OFF ROAD - Wyposażenie Wyprawowe
pekar1 - 05-02-2009, 21:16 Temat postu: wyprawowe... Najlepiej jest jechać w dwa samochody, jeśli jeszcze jadą zaprzyjaznione osoby lub rodzina to świetnie. Asekuracja w postaci drugiego auta jest nieoceniona ,załaszcza przy nieoczekiwanej "przygodzie" lub w razie niebezpieczeństwa . Zawsze drugie auto moze pojechać po pomoc, przywieżć części do naprawy, wyszarpnąć z dołka itp.

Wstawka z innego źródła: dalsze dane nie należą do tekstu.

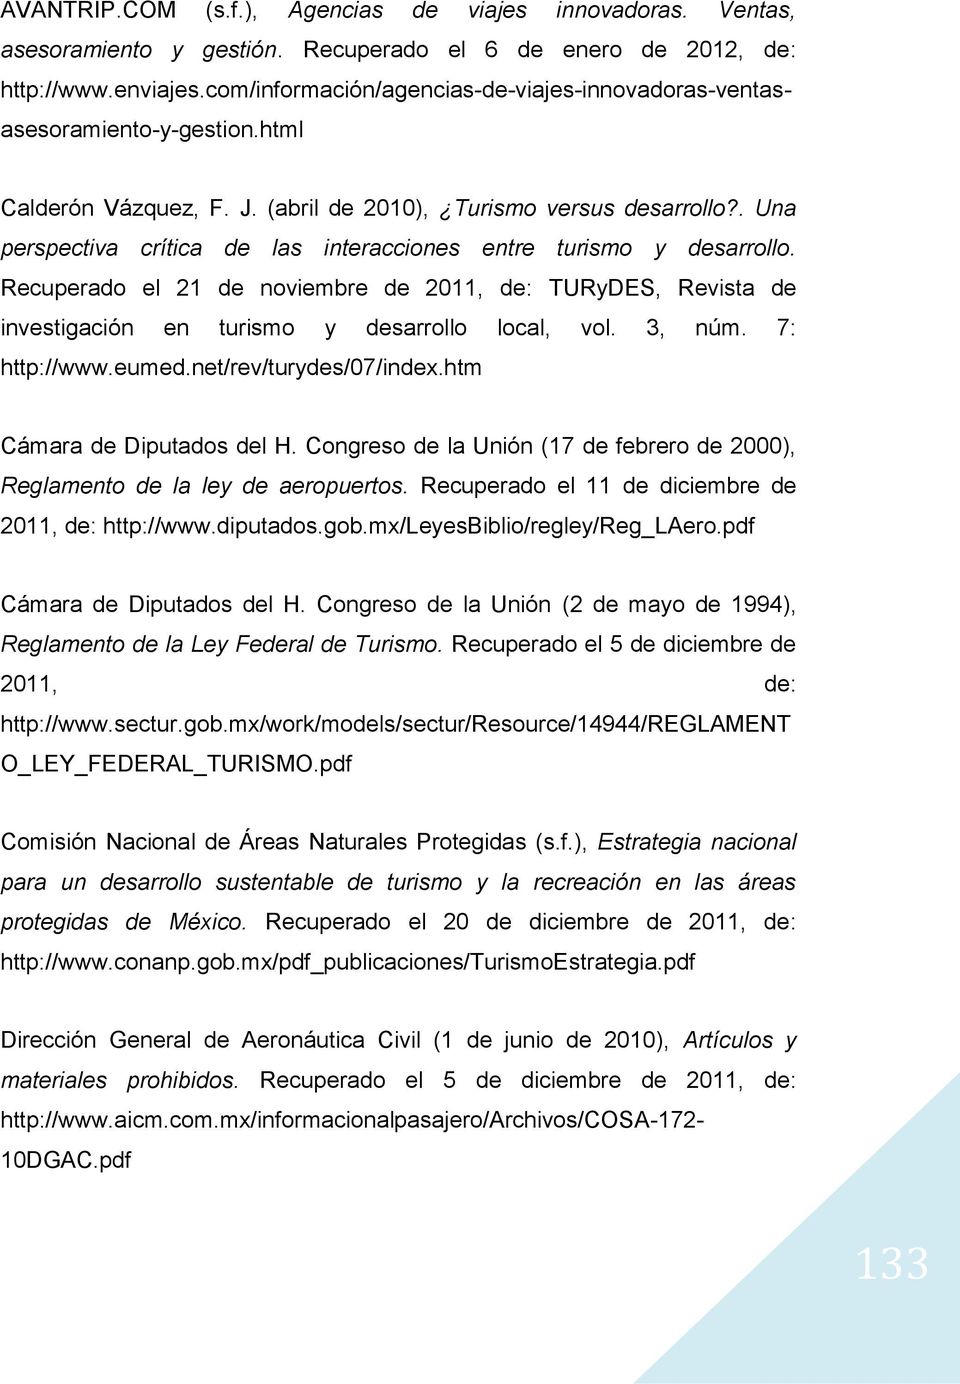 Congreso de la Unión (17 de febrero de 2000), Reglamento de la ley de aeropuertos. Recuperado el 11 de diciembre de 2011, de: http://www.diputados.gob.mx/leyesbiblio/regley/reg_laero.

Zbyt dużo z koleji aut i osób stwarza inne problemy. Na przykład każdy chce inna trasą pojechać albo trudno znależć dla wszystkich nocleg w jedym hotelu, motelu- ale to raczej błachostki. Przy duzej ilosci aut i dużej indywidualnosci uczestników wyprawy {każdy chce inaczej} można ustalać koordynaty GPS gdzie sie spotykamy na koniec dnia czy za dwa dni, na postoju usytalamy następne koordynaty itd.... W ten sposób nic nie traca indywidualisci i wszyscy i tak integruja się po spotakniu wieczorem.

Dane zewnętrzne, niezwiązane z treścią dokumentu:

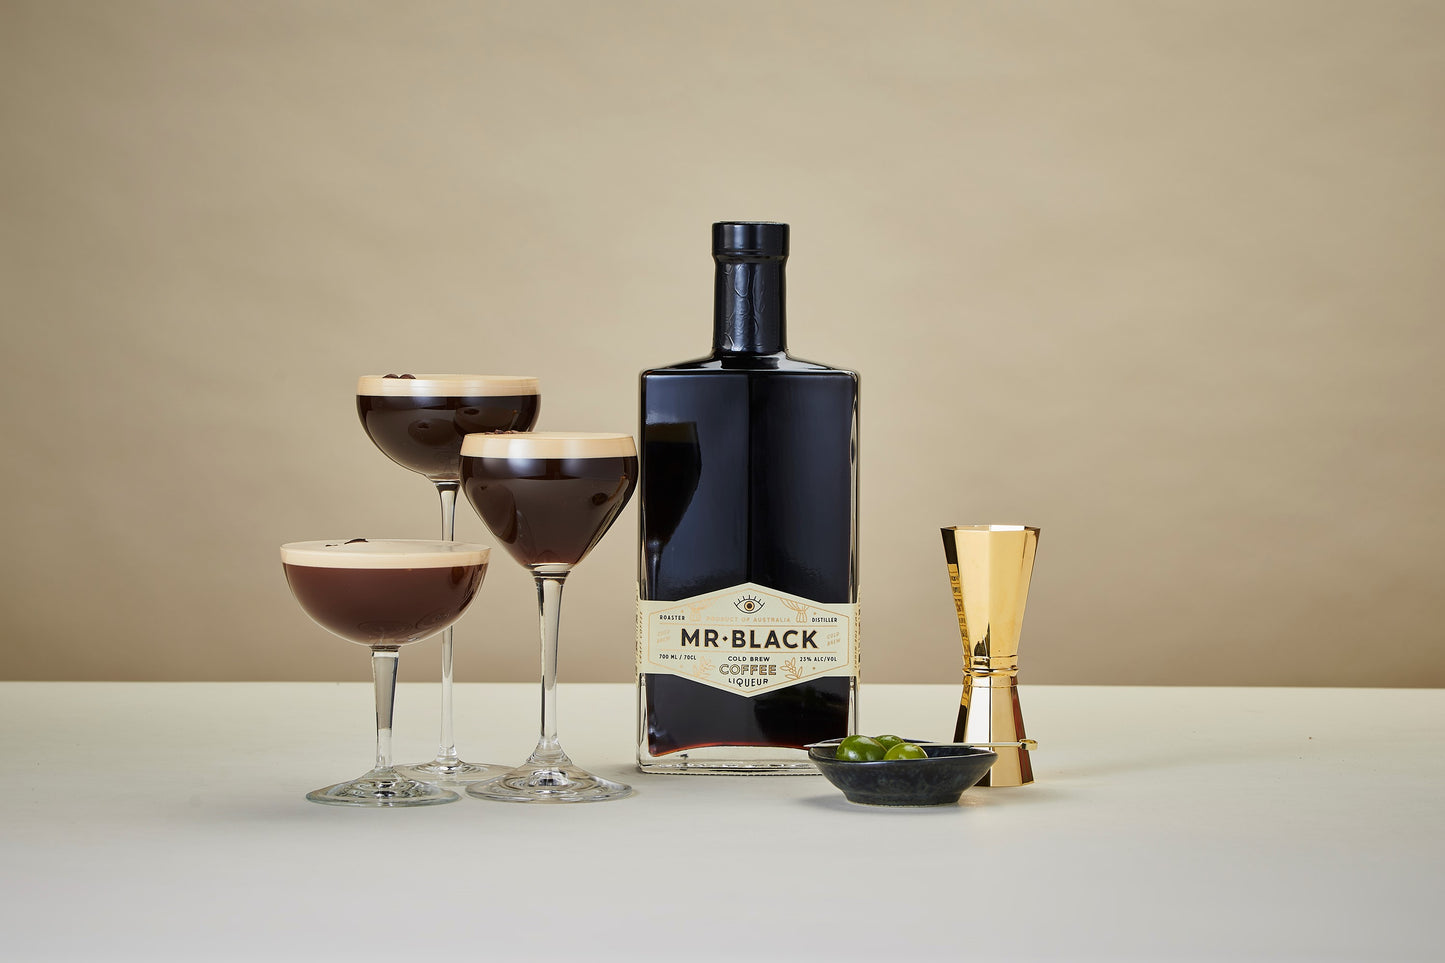 Flasche mit Mr. Black Coffee Liqueur Logo steht auf dem Tisch mit drei zubereiteten Espresso Martinis in unterschiedlich hohen Gläsern

Ze Słowenii blisko do Albanii, podobno jest rewelacyjna na wyprawę terenówką
Anonymous - 07-02-2009, 13:12
mayer napisał/a: | - latarka |
To i czołówka. Nie tylko dla pilota. Dla kierowcy też.
I obowiązkowo ładowarki samochodowe dla telefonów i używanych (w latarkach i innym sprzęcie) akumulatorków.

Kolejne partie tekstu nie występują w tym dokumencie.